CHEMBL766	CILASTATIN	Antibiotic, Dipeptidyl Peptidase I Inhibitor	0.86006	0.01	2672
CHEMBL1201014	PREDNISOLONE SODIUM PHOSPHATE	Steroid Drug	0.85693	0.609	4
CHEMBL1201231	PREDNISOLONE PHOSPHORIC ACID	Steroid Drug	0.85526	0.609	4
CHEMBL679	EPINEPHRINE	Adrenergic Receptor Agonist	0.85111	0.372	169
CHEMBL2134724	IPRATROPIUM BROMIDE	Anticholinergic Drug, COPD and Bronchial Asthma Treatment	0.84696	0.076	737
CHEMBL1621597	IPRATROPIUM	Anticholinergic Drug, COPD and Bronchial Asthma Treatment	0.84621	0.076	737
CHEMBL1200689	NITRIC OXIDE	Nitric Oxide, Pulmonary Hypertension Treatment	0.84535	0.345	397
CHEMBL1201335	GLYCOPYRRONIUM	Anticholinergic Drug, COPD	0.84439	0.076	737
CHEMBL1437	NOREPINEPHRINE	Adrenergic Receptor Agonist	0.84266	0.372	169
CHEMBL1215	PHENYLEPHRINE	Adrenergic Receptor Agonist	0.84121	0.372	169
CHEMBL2108429	MEPOLIZUMAB	Anti-IL-5 Antibody	0.83772	0.068	799
CHEMBL1201139	MEGESTROL ACETATE	Antineoplastic Drug, Contraceptive, Progesterone Receptor Agonist	0.83667	0.086	636
CHEMBL1370	BUDESONIDE	Steroid Drug	0.83639	0.609	4
CHEMBL1364144	METHYLPREDNISOLONE ACETATE	Steroid Drug	0.83551	0.609	4
CHEMBL1201027	GLYCOPYRROLATE	Anticholinergic Drug	0.83493	0.076	737
CHEMBL2109065	DROTRECOGIN ALFA (ACTIVATED)	Antithrombotic, Anti-inflammatory, Fibrinolysis-promoting Human Activated Protein C	0.83448	0.026	1339
CHEMBL52440	DEXTROMETHORPHAN	Cough Suppressant and Expectorant (Medicon)	0.83335	0.365	334
CHEMBL1473	FLUTICASONE PROPIONATE	Steroid Drug	0.83256	0.609	4
CHEMBL3707243	GLYCOPYRRONIUM TOSYLATE	Anticholinergic Drug, Primary Axillary Hyperhidrosis Treatment	0.83239	0.076	737
CHEMBL456	ETHACRYNIC ACID	Loop Diuretic Drug	0.83171	0.004	4822

Drug candidates are ranked by cosine similarity scores in GATE latent space. Rows shown in bold indicate drugs not previously used for COVID-19 treatment, representing novel repositioning candidates. The OpenTargets association scores range from 0 to 1, with higher values indicating stronger relevance.

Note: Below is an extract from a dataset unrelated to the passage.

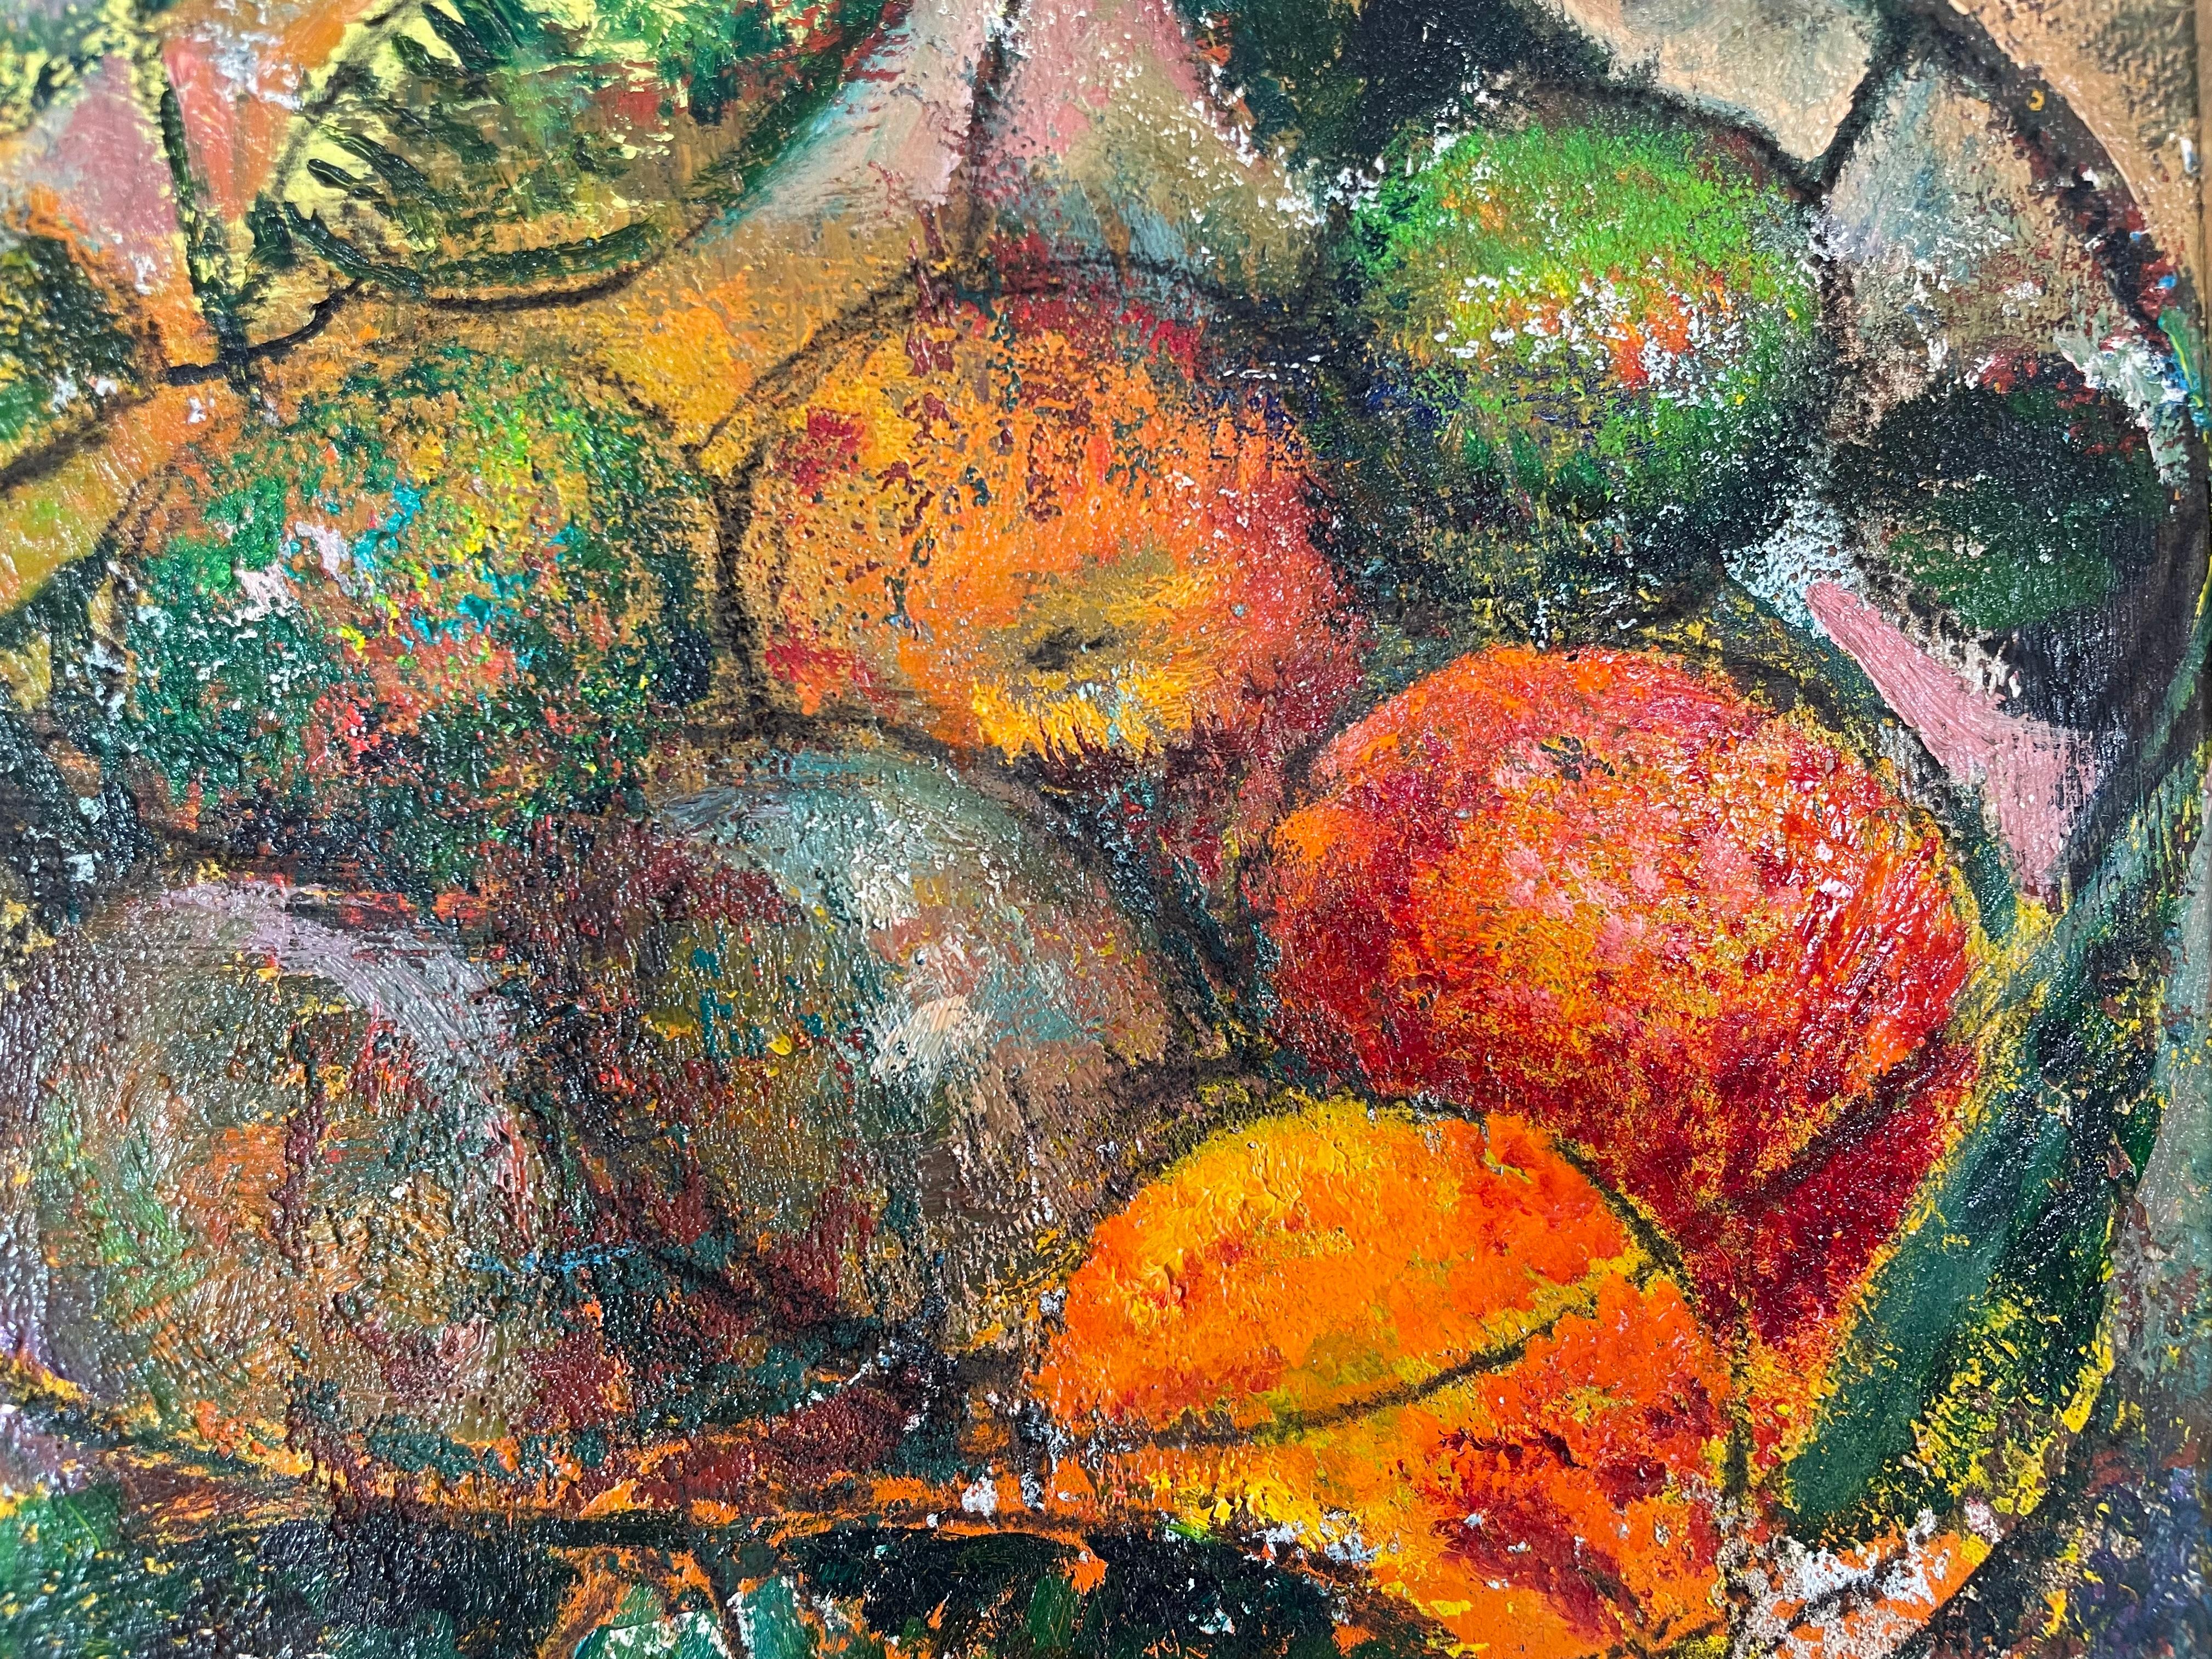 Original oil painting by celebrated, twentieth-century California landscape painter, Ronald Shap. A vibrant still life of a bowl of fruit from the artist's '90s, neo-expressionist / neo-fauvist period. Predominate colors are gold, green and orange.

Subnetwork extracted from a multimodal knowledge graph consisting of drugs, diseases, and genes. Nodes are colored by type: orange for diseases, blue for drugs, and green for genes.

To further evaluate the findings, we investigated the association scores between COVID-19 and the target genes of each candidate drug using the Open Targets Platform, an integrated drug discovery database. Association scores are comprehensive relatedness indicators based on literature information, genetic evidence, experimental data, and other sources. This analysis revealed that all four candidate drugs showed low association scores with COVID-19 (Table 1), suggesting that these drugs would not be visible through existing knowledge bases. In particular, our top candidate, cilastatin, had an association score of 0.01, which is significantly lower than scores (0.068–0.609) of drugs that are known to have effects on COVID-19.

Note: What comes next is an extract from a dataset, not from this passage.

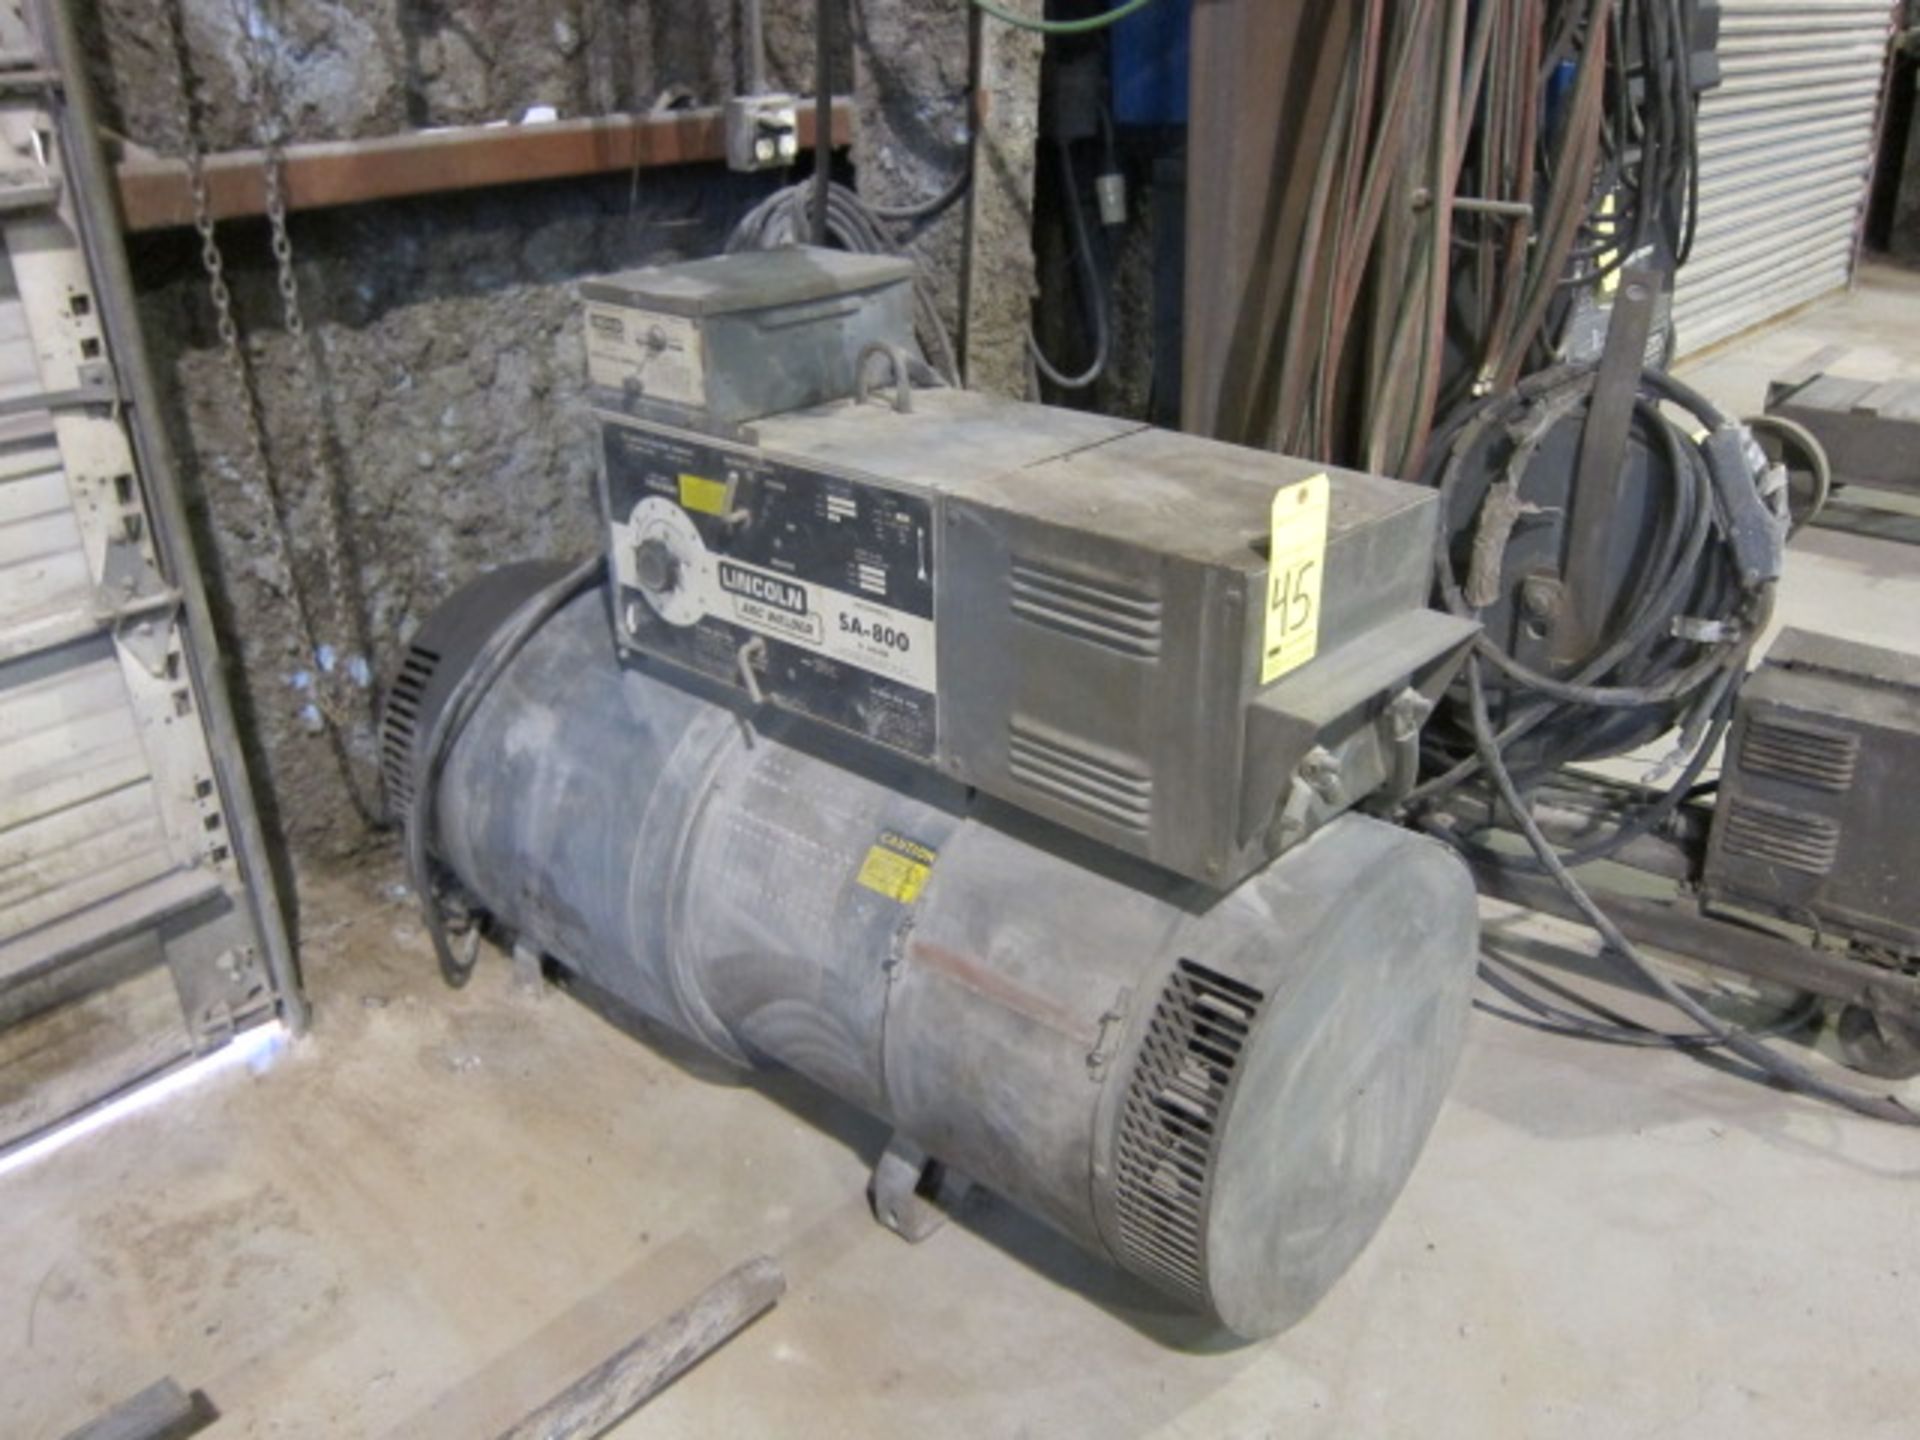 MOTOR/GENERATOR WELDER, LINCOLN MDL. SA800, 800 amps @ 44 v. output, 60% duty cycle, Lincoln LN8

To benchmark against other approaches, we investigated whether these four drugs had been reported as COVID-19 repurposing candidates in existing studies. Cilastatin was reported as one of 78 candidates for SARS-CoV-2 3CLpro inhibition through docking simulation approaches, but detailed validation was not performed [31]. Megestrol was proposed as one of 34 COVID-19 therapeutic candidates through network-based approaches, though detailed investigation was not conducted [32]. Drotrecogin alfa has no existing reports, representing the first identification of this drug as a COVID-19 candidate. Ethacrynic acid was reported as a promising candidate for SARS-CoV-2 main protease (Mpro) inhibition through docking simulation approaches, with experimental validation also performed [33].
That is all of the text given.